In this study, we established a novel workflow to optimize the genome annotation of Tetrahymena that integrated large-scale transcriptomic data, including RNA-seq data from different cell stages, ssRNA-seq data, Nanopore DRS data and Cap-seq data. Most importantly, epigenetic data including H3K4me3, H2A.Z, 6mA and nucleosome along with ATAC-seq data were incorporated. This comprehensive dataset enabled the optimization of gene models, the accurate identification of TSS and TES, the augmentation of UTR information, the updated annotation of protein functions, and the addition of AS isoforms.

Our updated gene model (TGD2024) (Supplementary Figure S3) comprises a total of 26,961 protein-coding genes, including 26,687 well-annotated and 274 low-confidence genes. Compared to TGD2021, we annotated 2,481 new genes, and optimized 23,936 genes including 3,878 exon-altered genes, 169 orientation-reversed genes, 17,301 TSS-altered genes, 1,379 fused genes and 1,136 partitioned genes. The overall improvement of TGD2024 gene models over TGD2021 was also demonstrated by the BUSCO assessment, revealing 100% completeness of BUSCO orthologs in TGD2024 (Supplementary Figure S13I). We also increased the number of AS isoforms to a total of 8,339, annotated an additional 1,732 functional genes and 1,064 non-coding RNA genes transcribed by Pol I and Pol III. Furthermore, we identified a large pool of NATs that might generate a diverse and extensive repertoire of potential regulatory RNAs.

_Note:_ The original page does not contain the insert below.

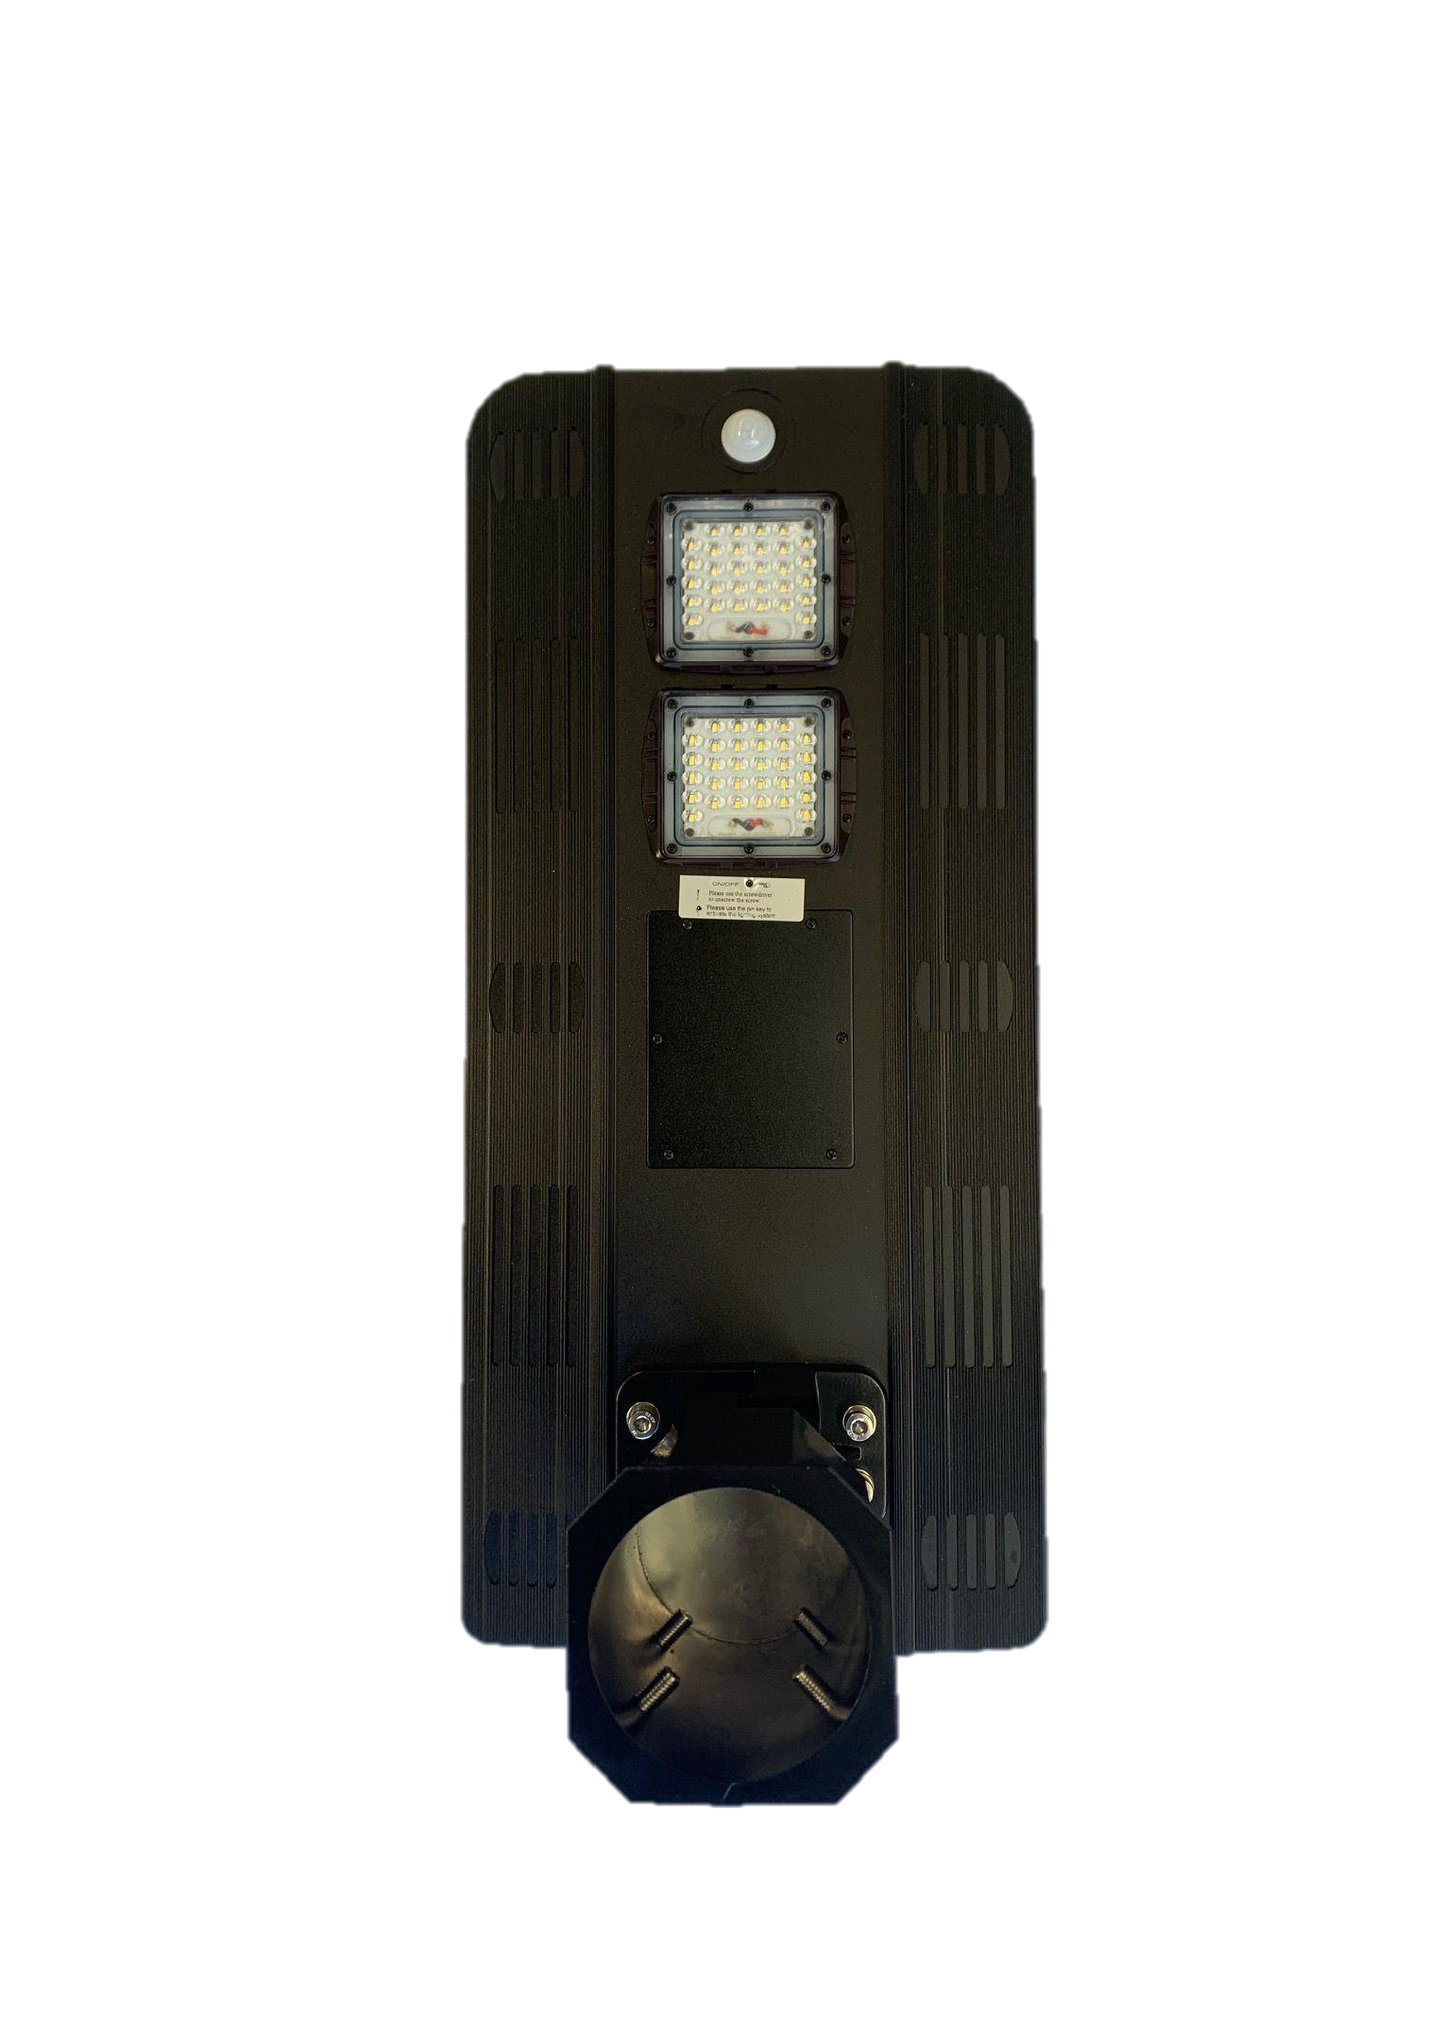 (All-In-One) 15W Street Light "Shoe Box" with PIR Sensor

Our work will largely advance Tetrahymena biology studies and the conceptual framework we employed here holds substantial promise for facilitating genome annotation in other eukaryotes. Besides epigenetic marks employed in this study, other conserved epigenetic marks, such as histone H3 lysine 27 trimethylation (H3K27me3) (103), H3K14 acetylation (H3K14ac) (104) and H3K23ac (105) at the 5′ ends of gene bodies in human, can further enhance TSS annotation. Likewise, marks located at the 3′ ends of human genes, including H3K4 monomethylation (H3K4me1) (106) and H3K36me3 (106), could potentially be utilized to improve TES annotation. This underscores the broad applicability and robust potential of employing epigenetic marks for gene annotation and optimization.

Data availability

Scripts for data generation and analysis are available in github: https://github.com/yefei521/GAET. The polished genome, gene annotation (including genes, AS isoforms and natural antisense transcripts), CDS sequences and protein sequences have all been uploaded to NCBI (PRJNA1048844) and GitHub (https://github.com/yefei521/GAET/releases/tag/V2024.2). Gene annotations and genomic data are available at Tetrahymena Genome Database (tet.ciliate.org). Our SMRT-seq 6mA data is available at the NCBI database (BioProject accession number: PRJNA932808) (31). ChIP-seq (H3K4me3 and H2A.Z), MNase-seq, RNA-seq, strand-specific RNA-seq, Nanopore direct RNA sequencing, ATAC-seq and Cap-seq data from the current work are deposited at the NCBI database (BioProject accession number: PRJNA1048844). Data and code are also deposited in Zenodo and the doi is https://doi-org-443.vpnm.ccmu.edu.cn/10.5281/zenodo.14048241.

Supplementary data

Supplementary Data are available at NAR Online.

Acknowledgements

We thank members of the Gao laboratory for discussion. Our special thanks are given to Dr Weibo Song (Ocean University of China, China) and Dr Yifan Liu (University of Southern California, USA) for their kind suggestions during preparation of the manuscript and Dr Jun Wang (Institute of Microbiology, Chinese Academy of Sciences) for his advice on Nanopore direct RNA sequencing and analysis. We appreciate the computing resources provided by the Institute of Evolution & Marine Biodiversity in OUC, the Center for High Performance Computing and System Simulation at Laoshan Laboratory and Marine Big Data Center of Institute for Advanced Ocean Study of OUC.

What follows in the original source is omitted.